Whether she was lying or not, if you don't want kids, take your OWN precautions...don't depend on the woman to do all the work...maybe the birth control failed...

--I do not want anything to do with this child.

You should have thought of this before you had sex with her...the risk is always there unless you both actually sit down and decide that children are not right for you at this time...then you both take the proper precautions...this child is innocent and deserves a father.

--I want to give up my parental rights and have nothing to do with
--this child.

Sure, give up your parental rights, but you still have to pay support no matter what....wouldn't you rather pay the support for your baby and still be allowed to have contact with him/her?  

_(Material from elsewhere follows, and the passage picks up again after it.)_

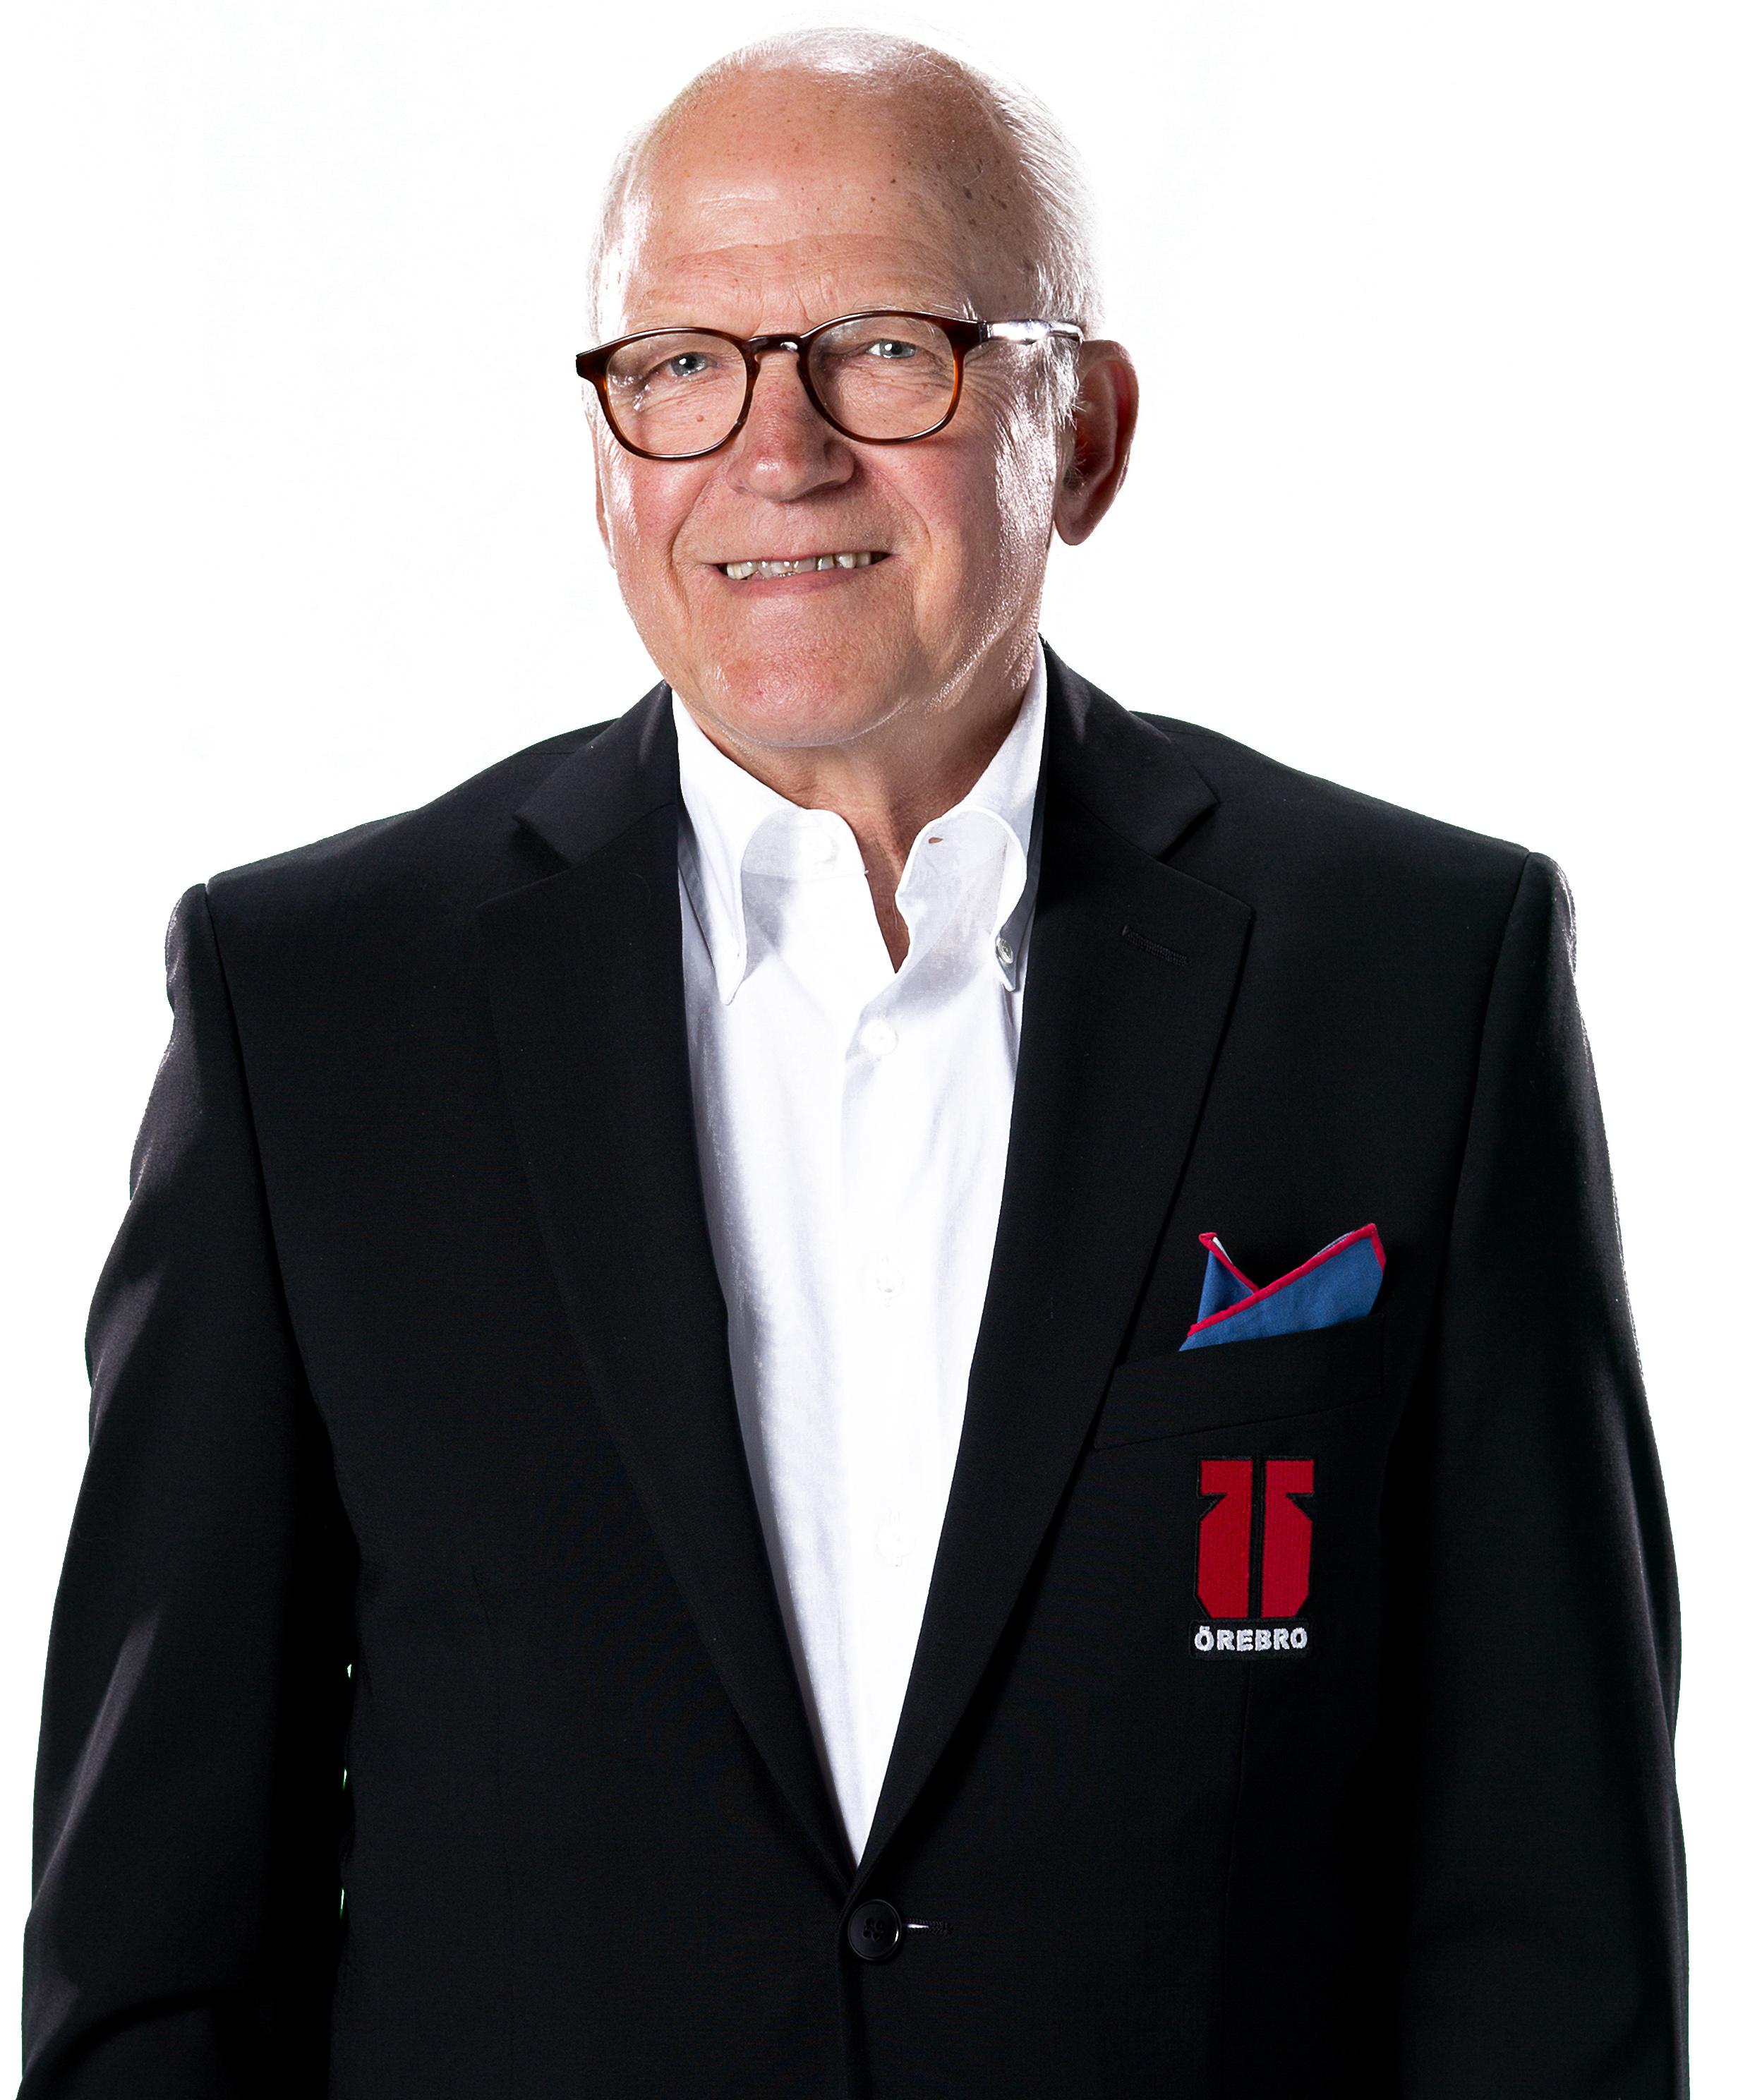 Ulf Marcusson

--How do I do this? And if I do, do I have to pay
--child support?

See above.

--This woman is psycho! She already has two kids to two different dads

What was your first clue that maybe you should have taken more precautions when it came to birth control?  

I agree with Brent on this one....you are really in the wrong place asking for help in GIVING UP your child...most men are here with broken hearts because they are denied their children and need advice and guidance.  Step up for God sakes, and take responsibility for your actions....this child needs both a mother AND a father.




txblonde

Unfortunately, women have the right to plan your financial future for you and without your consent.  Yes, she is a psycho, but a very smart one, she knew what she was doing to get an additional paycheck for the next 19 or so years.  Since, I can relate to your situation, I truly feel sorry for anyone and every man that this happens to on a daily basis in America.

First, get a lawyer and get a paternity test.  You cannot afford to not do this.  And show up for court, if you do not, she wins by default regardless of a paternity test, YOU ARE THE FATHER.

If you are the father, I can only tell you in our case, we pay child support and have no relationship with the mother or the child.  Anything to do with the child will ALWAYS involve the pyscho.  Since pyscho showed her true colours from the beginning, we chose to live a life free from any involvement with her and for our family it was our saving grace.  We have paid 15 years and have never seen the mother or the child.  We have 4 years to go and will end the cs drama in silence.  It is a $100,000 debt that you simply have to pay off and go on with your life as best you can.  We thought it to be in the child's best interest to be 100% with the parent that wanted it (pyscho) and for the child to have one home, one family and not be divided between two families and since pyscho created a child out of her own selfish deceit that she should have 100% control over the situation she created.  DH is a wallet, but a content one considering how much worse financially and emotionally it would be had we had a relationship with greedy and immoral pyscho.  

Your only hope is for the woman to get married to another man and adopt your child, thus taking over the responsibility for child support.  In our case, psycho remarried when the child turned 1 year old, but refused her husband (of the last 13 years) to adopt the child because she did not want to turn down 18 years of child support monies.

In summary, you play, you pay.  It's an expensive lesson, life is not fair, but remember, it's not what happens to you in life, it's how you react.  Proceed with caution and make the best decision you can to serve your best interest, because the court and pycho don't care about you.  

Keep in mind, if you establish a relationship with the mother or the child, this will affect ALL future relationships.

These types of woman are rarely able to be rehabilitated.  She won't apologize, because she believe's it's all your fault.  It's a perpetual lie to you, to her friends and family and ultimately, the child.  You cannot reason with insanity.  

No flames, I wish you well, let us know how your situation turns out.

Peanutsdad

Ok folks, no point in even bumping this one with anymore replies, the poster has never bothered to reply again.